Oklahoma Senator: State Employee Health Plan will Send $75M to New Jersey

October 20, 2011

Beginning Jan. 1, 2012, Oklahoma school teachers and state employees using HealthChoice for insurance benefits will be forced to fill their prescriptions through an out-of-state mail order pharmacy, according to state Sen. Patrick Anderson.

The bureaucratic decision will result in the loss of approximately $75 million from the Oklahoma economy to New Jersey, says Anderson, a Republican from Enid.

Anderson says the new prescription plan was not approved by the governor or the legislature – instead it is the result of an agreement reached in August between a pharmaceutical company and the Oklahoma State and Education Employees Group Insurance Board (OSEEGIB).

Lawmakers, teachers and state employees were given no notice of this proposed change or comparison of options — simply a pronouncement that the new plan would go into effect on Jan. 1, Anderson says.

Anderson says the plan would have a terrible economic impact on locally-owned pharmacies around the state.
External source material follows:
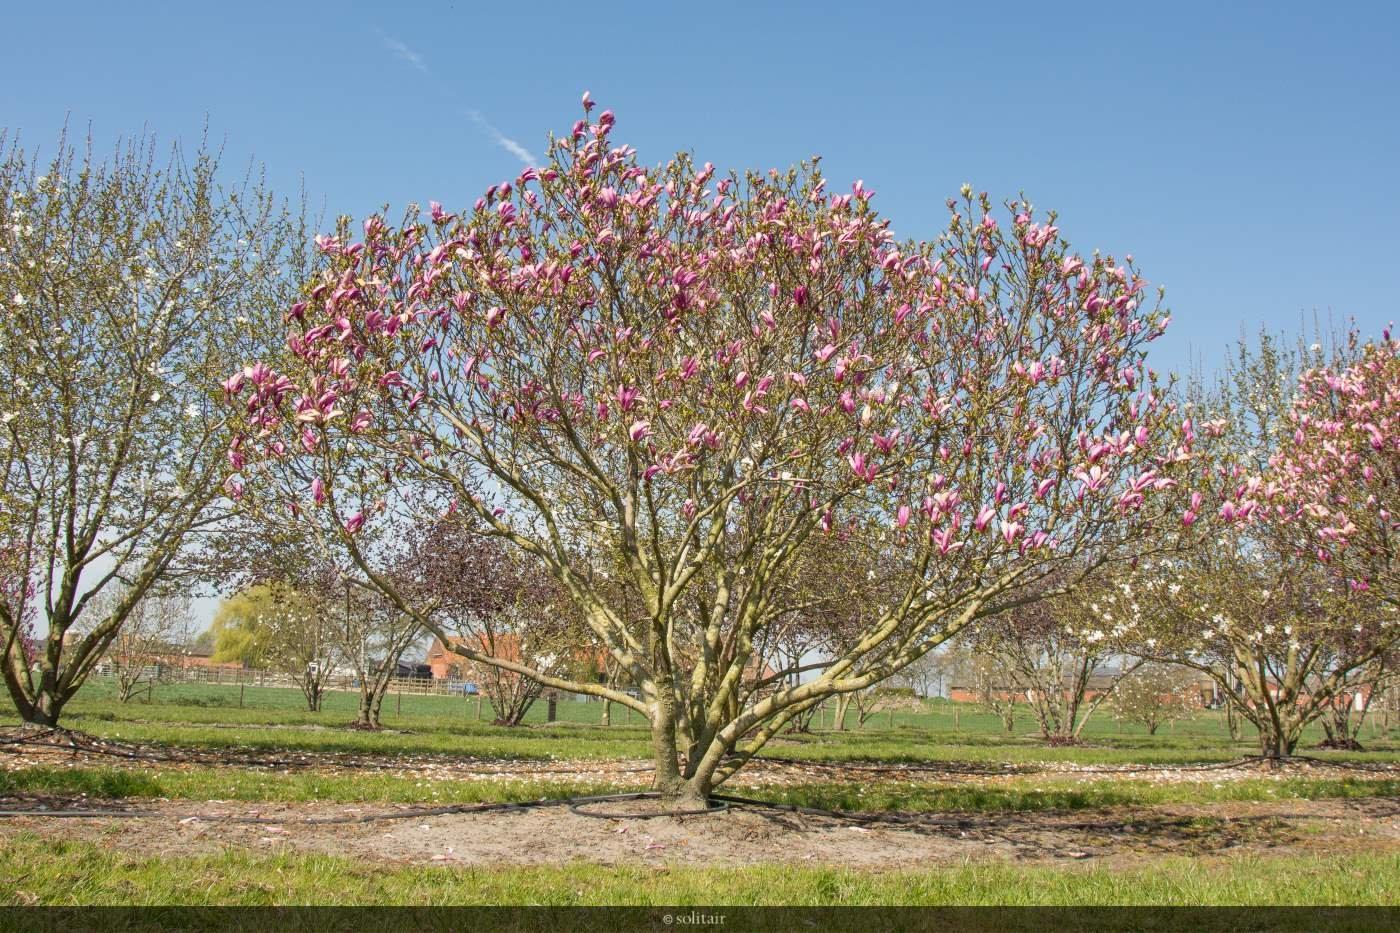 Magnolia 'Susan' multistemmed bush
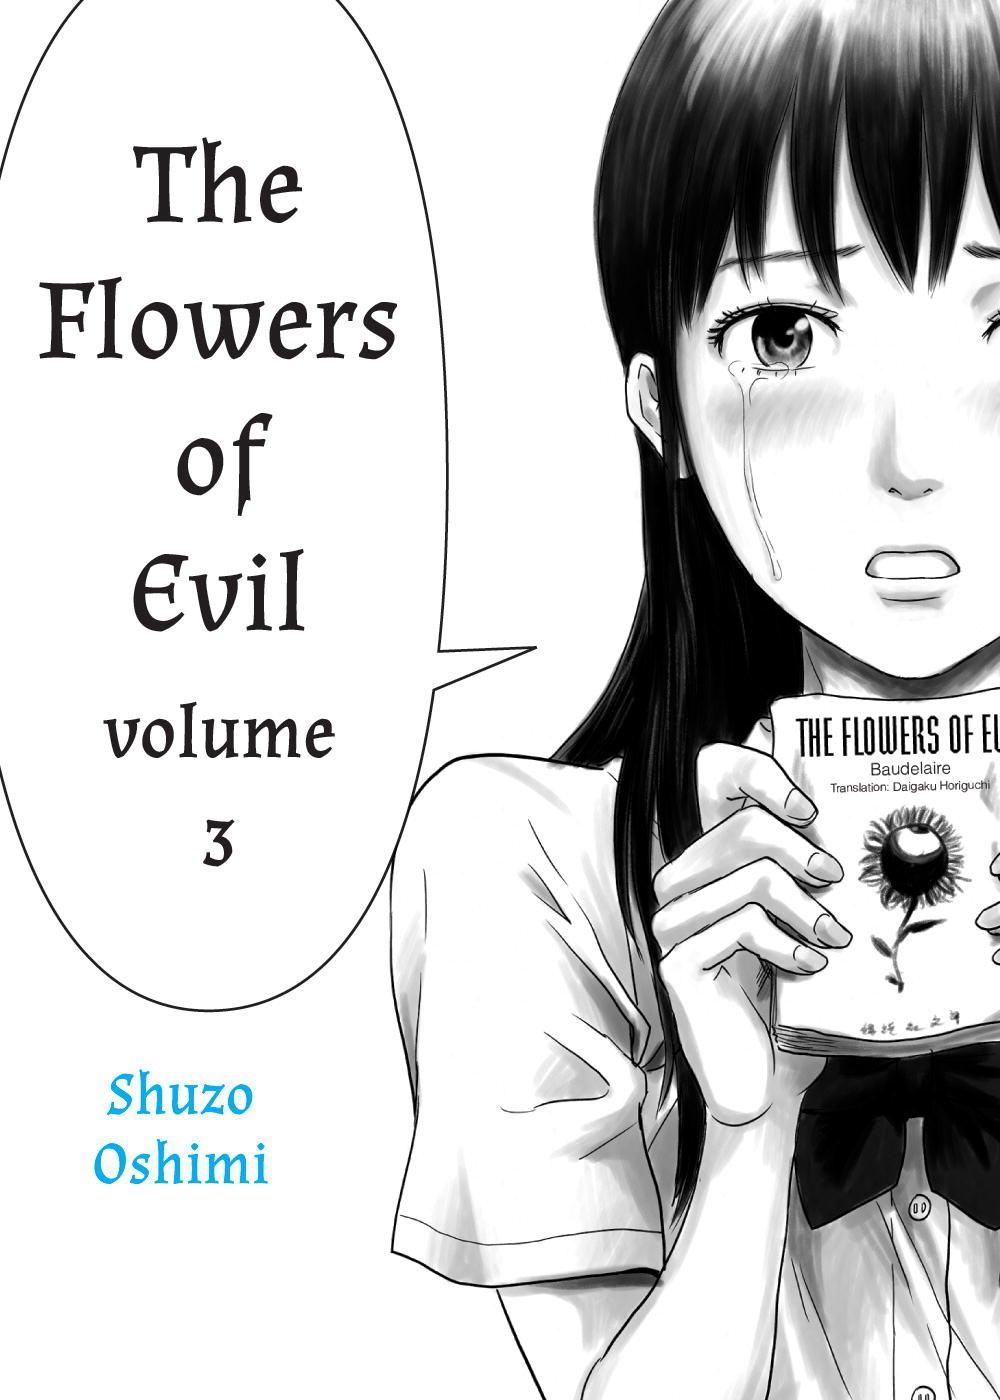 Shuzo Oshimi's manga The Flowers of Evil part 3 10.95

“In many of the small communities that I represent the local school is the largest employer – and thus the largest customer base of the local pharmacy,” he said in a statement released by the Senate. “By telling these school teachers that they cannot use their local pharmacy, this plan eliminates the customer base of these local pharmacies and will force these pharmacies to lay off employees and possibly even close their doors. That, in turn, impacts the Oklahoma economy as a whole and it will be felt in more places than just local pharmacies. Removing $75 million from the Oklahoma economy will be felt in local restaurants, grocery stores and other retailers.”

Anderson explained OSEEGIB is a part of the Office of State Finance, an executive agency of the state of Oklahoma. He says that’s the reason he called on Gov. Mary Fallin to intervene and prevent the plan from going into effect.